Anyway, cut a long story short, many test prints later, I managed to pump out the hand and forearm and they work really well, once this demo program is finished i'll post a video. 

Why do a smaller one? It's cheaper basically  :Smile:  The servos are cheap, the parts are faster to print - so once the scale is set you just stick to that rule, which in my case is 64%. 

All the parts are scaled down to 64% - thats it. I did need to model some new servo horn-pulleys because there just was no fitting the other ones even after rescaling, but other than that - this is not a hard one to do, it's just time consuming threading all the fingers and getting the tension right.

I will keep updating this thread with the progress of it. I am not really keen on the design of the Inmoov Head, so I think I might see about making something else for the head neck and torso, but the hand design he made is fantastic.

photo 4 (4).jpgphoto 2 (7).jpgjr1.jpgmetal.JPG

----------


## Geoff

Ok well a week into making the software and many tests... We had a break!  :Frown: 

It seems fishing line and super glue really is not a great combination (to stop the slipping of the line when the servo's move...)

Anyway... long story short... I have decided to dissasemble the arm, I am replacing the servos with MG90s servos all metal geared (not these cheapo blue 8g plastic ones, they shred pretty quick and overheat under stress) 

I am also replacing the fishing line with some 1mm wire rope, if anything the fingers will break before this stuff does.
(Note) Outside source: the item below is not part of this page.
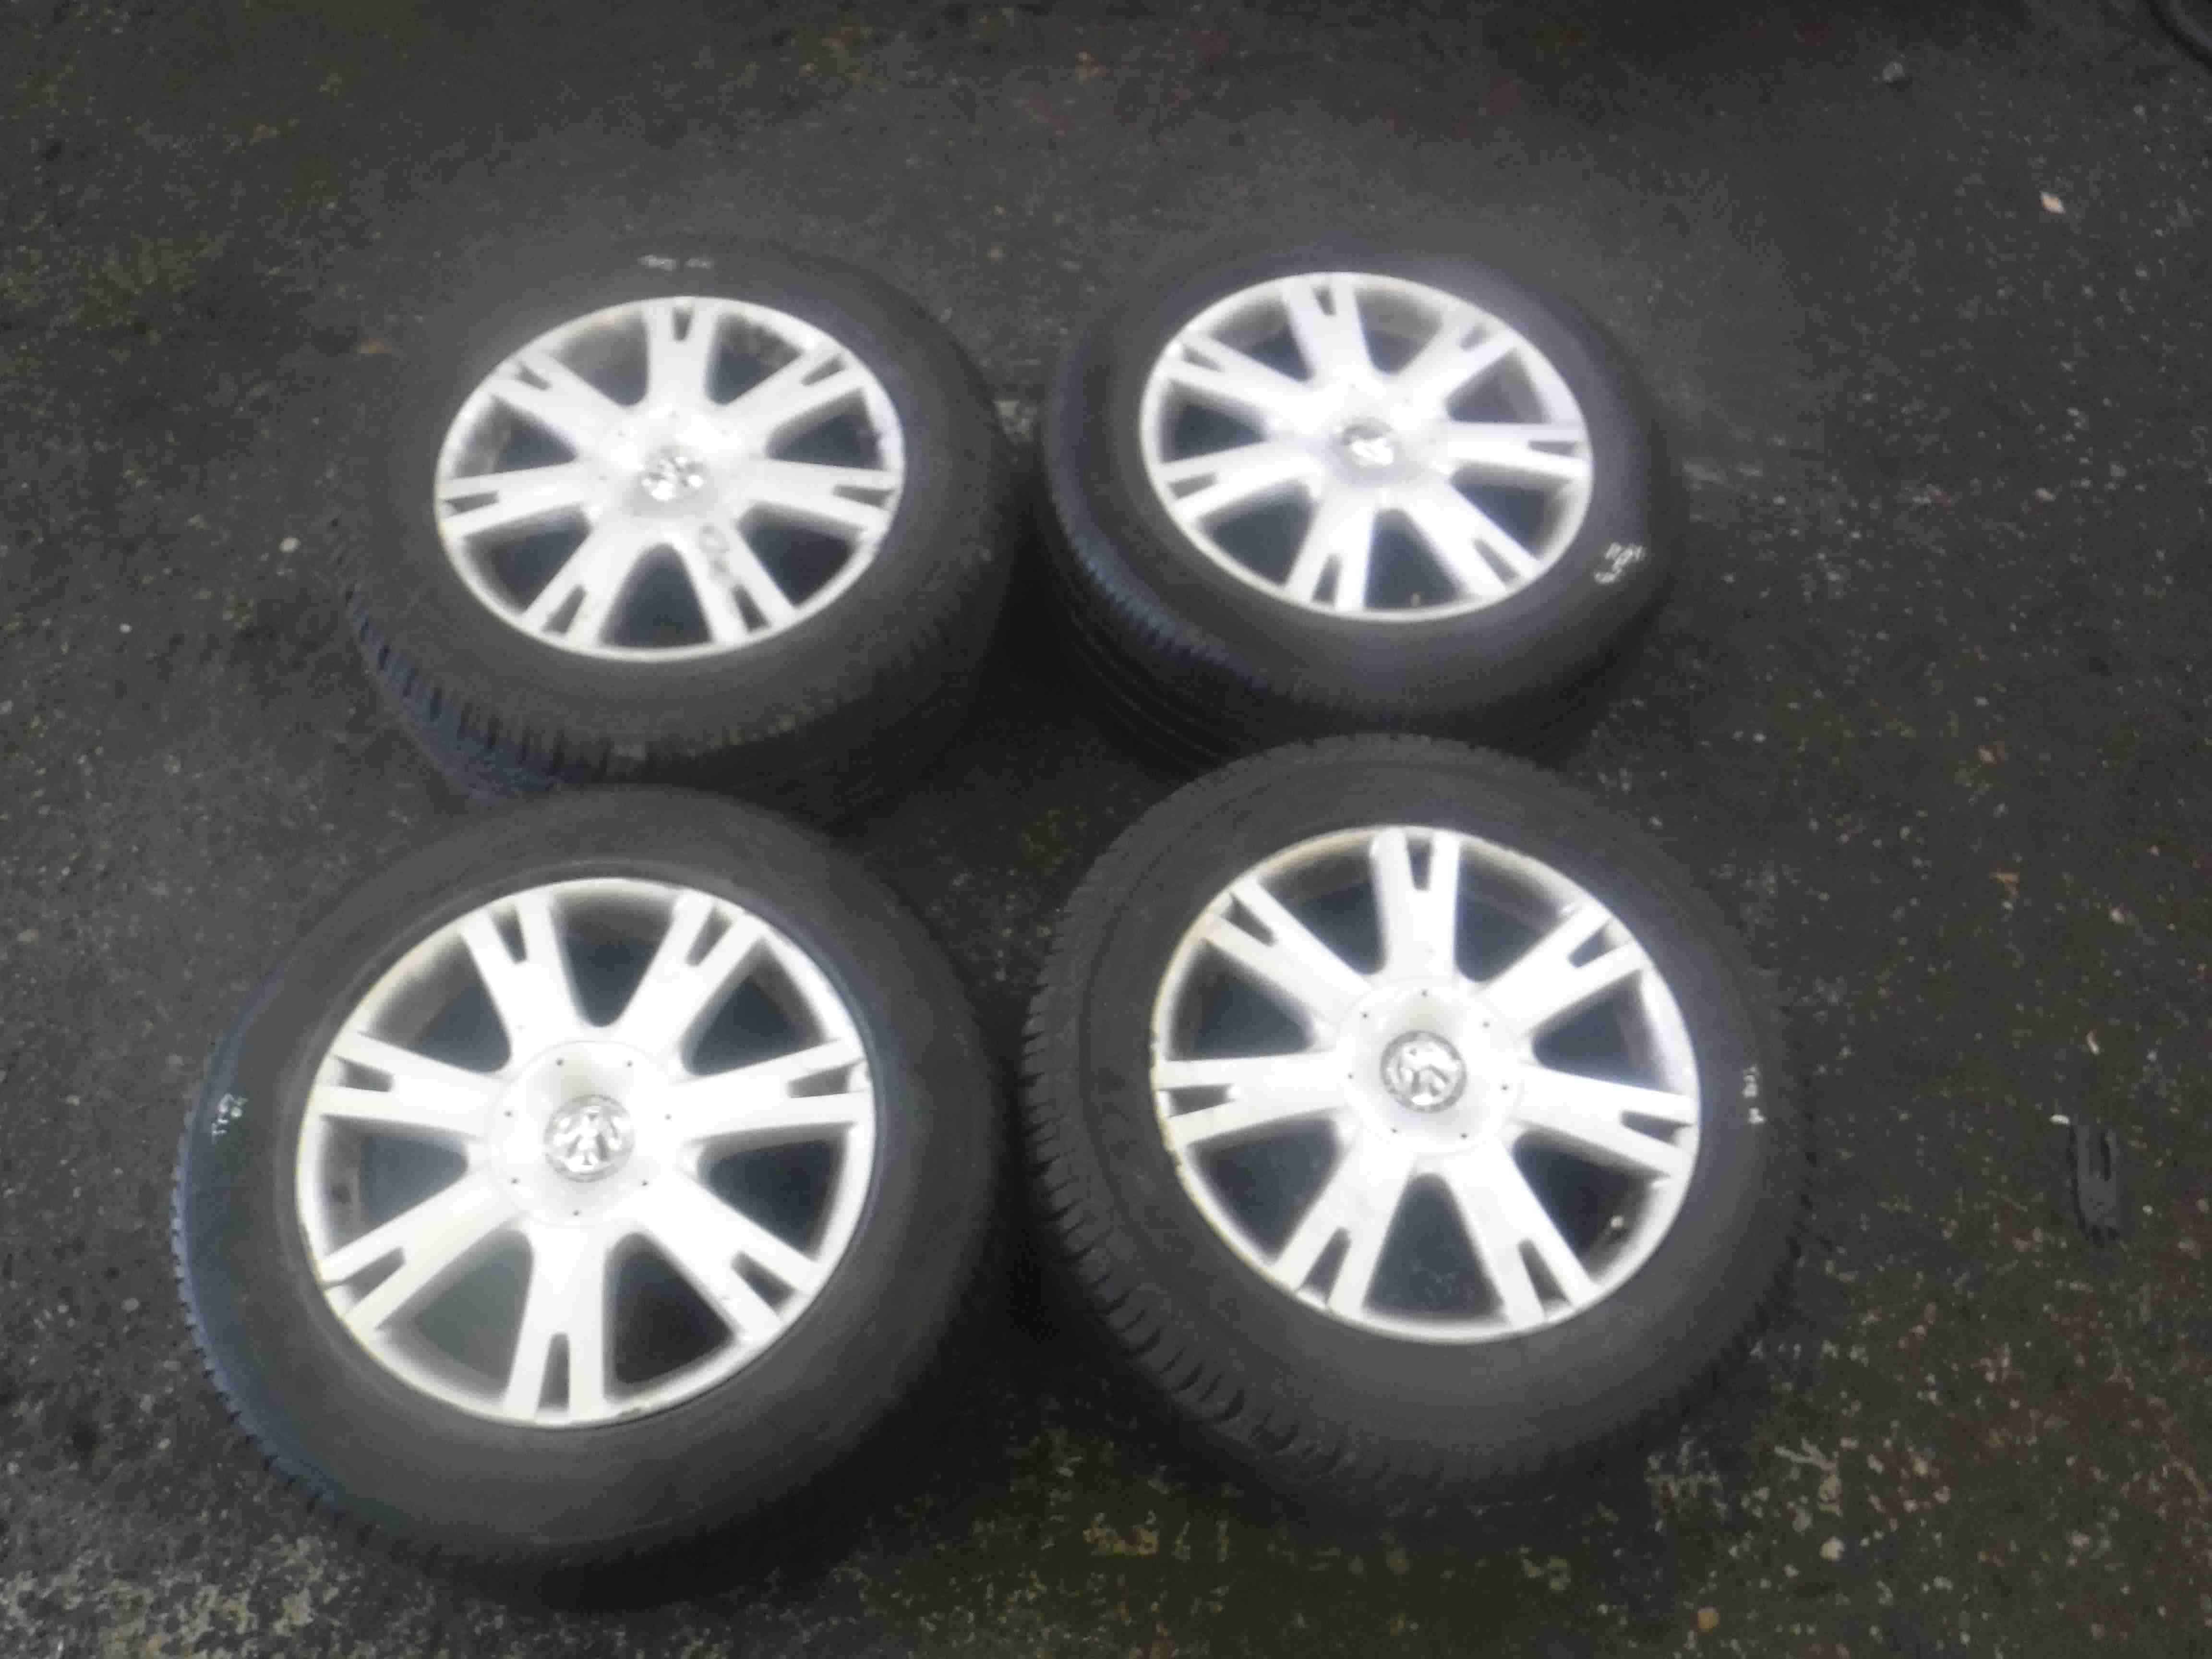 Volkswagen Touareg 2002-2007 Alloy Wheels Set X4 + Tyre 255 55 18 18inch 3/5

This is the rough GUI of the program im writing to interact with the hand in a fun way

I just found a nice source code for sending strings to the serial port, thats it really. You load the Arduino program to receive, when it gets a command like "grasp" it will then obviously use that sub to grasp the hand, all pretty basic.
Have to add the buttons now really, not much.. a little bit of work. Got sick last week and also started a new job, so time has been a bit tight for anything. 

ddsc.jpg

The VS code looks like this pretty much, there isnt much to it..



> Imports System.IO
> Imports System.IO.Ports
> Imports System.Threading
> 
> Public Class Form1
> 
>     Shared _continue As Boolean
>     Shared _serialPort As SerialPort
> 
> ...


And on the Arduino side, you just upload this (it's incomplete, I figured everything out, got it working and then left it at the thumb, but this is a complete example, easy to modify and update)




> #include <Servo.h> 
> 
> //Assign Servo's (could be done in an array if you prefer)  
> Servo thumb;  
> Servo indexf;  
> Servo middlef;  
> Servo ringf;   
> Servo pinkyf;  
> 
> ...



But probably the best thing that happened today.. my servo shipment arrived muwahahahahha.... I can now start constructing the new torso and head/neck/spine.

ddddc.jpg

----------


## Geoff

Well, after much hair pulling and teeth grinding... I found the perfect material for the tendons. 1mm Wire rope, too stiff. ... Brass braided wire... too bendy..

But, 80 pound fishing braid, now that is some strong stuff. When doubled up it is virtually unbreakable, certainly more than servos will do (that's 60 kilograms of tension these can take)  so I have rewired the junior hand, and in the meantime decided to make another full size arm. The full size arm took hours... the arm pieces I printed very fast so I got some banding and this was printed on 3 printers, so the prints do look a little off as I was pushing them all to their max. 

The grey small hand is all ABS, I went with all PLA for the large hand, and I have to say I prefer ABS... it sands much better and overall a much stronger material to work with (PLA gets hot and goopy when you sand it too fast)  But the PLA allows for pretty damn fast printing, for me I can print in PLA much much faster if I crank it to print at 210c.Anyway, here is a pic of the new big hand using the new fishing braid and 6 x MG996R servos.

----------